Electrical System Deficiencies: Exposed Wiring and Inaccessible Panels
Penalty
Summary
Surveyors observed that the facility failed to maintain proper protection of electrical wiring in multiple areas. Specifically, an open junction box with exposed wiring was found in the basement phone room. Additionally, in the storage room across from the Health Care Administrator's office, two electrical panels (DP 2 and DP 4) were blocked by storage items within three feet, and one of the panels (DP 4) had a broken latch, making it difficult to open. During a follow-up onsite revisit, it was determined that the issue with the missing latch on the DP 4 electrical panel door had not been corrected, and the panel was still not secured properly. These deficiencies were confirmed during exit interviews with the Administrator and Maintenance Director. No information about residents or their medical conditions was included in the report.
Plan Of Correction
1) The electrical panel labeled DP 4 has been repaired so that it can latch and be easily opened. Storage has been removed from in front of electrical panel DP 2 and DP 4. 2) Other electrical panels have been checked to ensure that there is no storage and that the latch can close and be easily opened. 3) The Maintenance Director and/or designee will perform audits weekly, for four weeks and monthly for two months to ensure that the electrical panels can latch and easily open, and that there is no storage within three feet of the panels. Results of the audits will be reported to QAPI.

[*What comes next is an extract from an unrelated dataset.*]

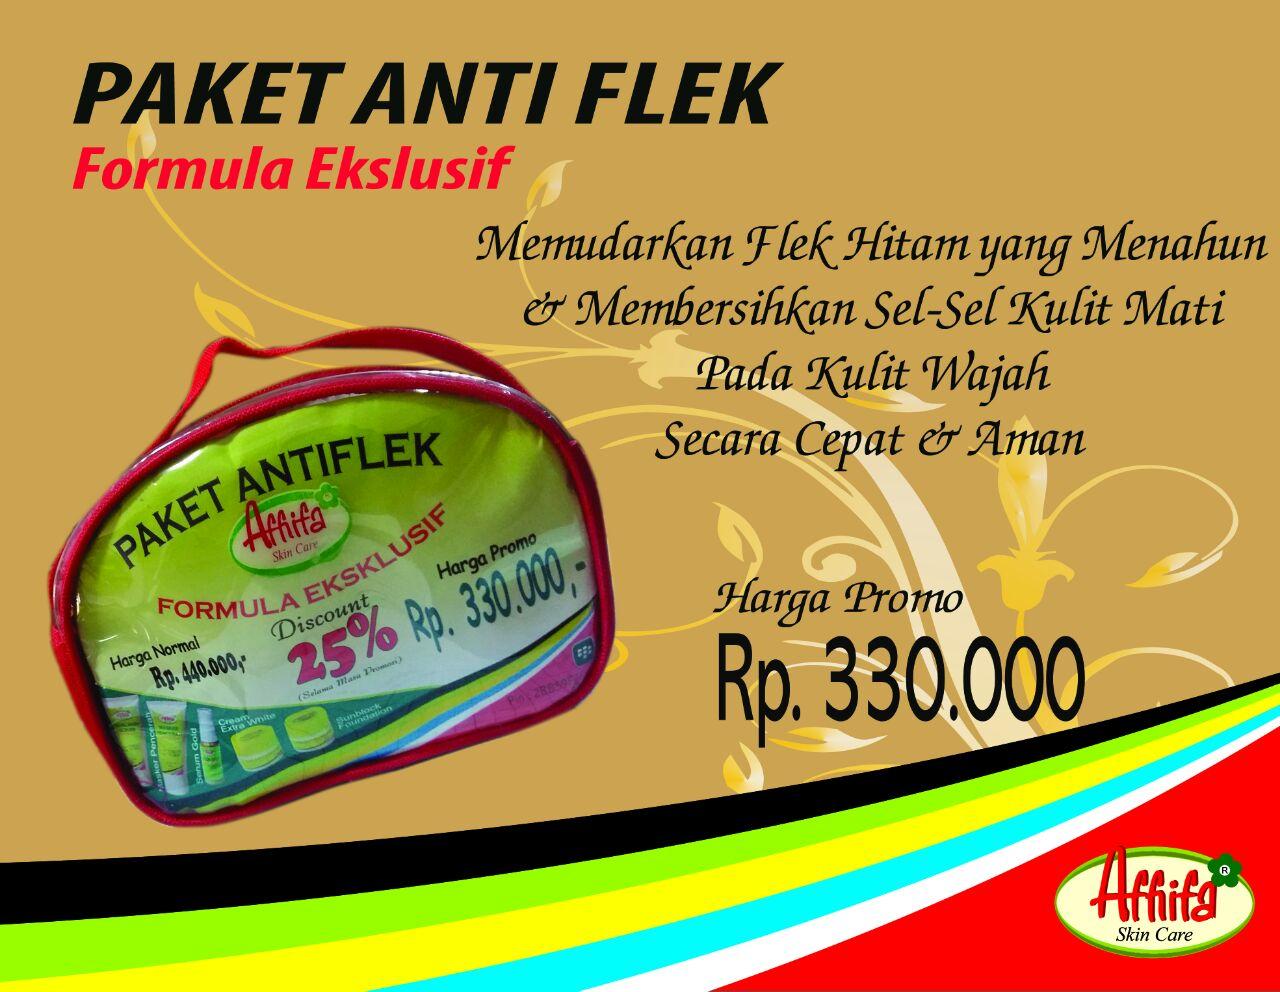 Paket Anti Flek Eksklusif

Electrical System Deficiencies Found in Facility
Penalty
Summary
The facility failed to maintain electrical system requirements as per NFPA 70 and NFPA 99, affecting one of two levels of the facility. During an observation on April 17, 2025, between 9:05 a.m. and 9:08 a.m., two unsecured junction boxes were found above the ceiling on the first floor, near the rehab area and in front of the laundry. Additionally, at 10:05 a.m. on the same day, an observation inside the Hood Mechanical Room revealed a metal clad conduit wire with exposed wiring. These deficiencies were confirmed during an exit interview with the Administrator on April 17, 2025, at 11:15 a.m.
Plan Of Correction
The junction boxes will be secured on or by 5/23/2025. The exposed wire will be correct on or by 5/23/2025. Above ceiling audits for unsecure junction boxes will be made part of the Maintenance Quarterly Safety inspections by 5/23/2025. All maintenance mechanics will be inserviced on this by 5/23/2025. The exposed wire will be replaced on or by 5/30/2025 by Dunwoody's contracted electrician. This will be inspected quarterly by the Maintenance Manager or Designee and made part of the Maintenance Quarterly Safety inspections by 5/30/2025. All maintenance mechanics will be inserviced on this by 5/30/2025.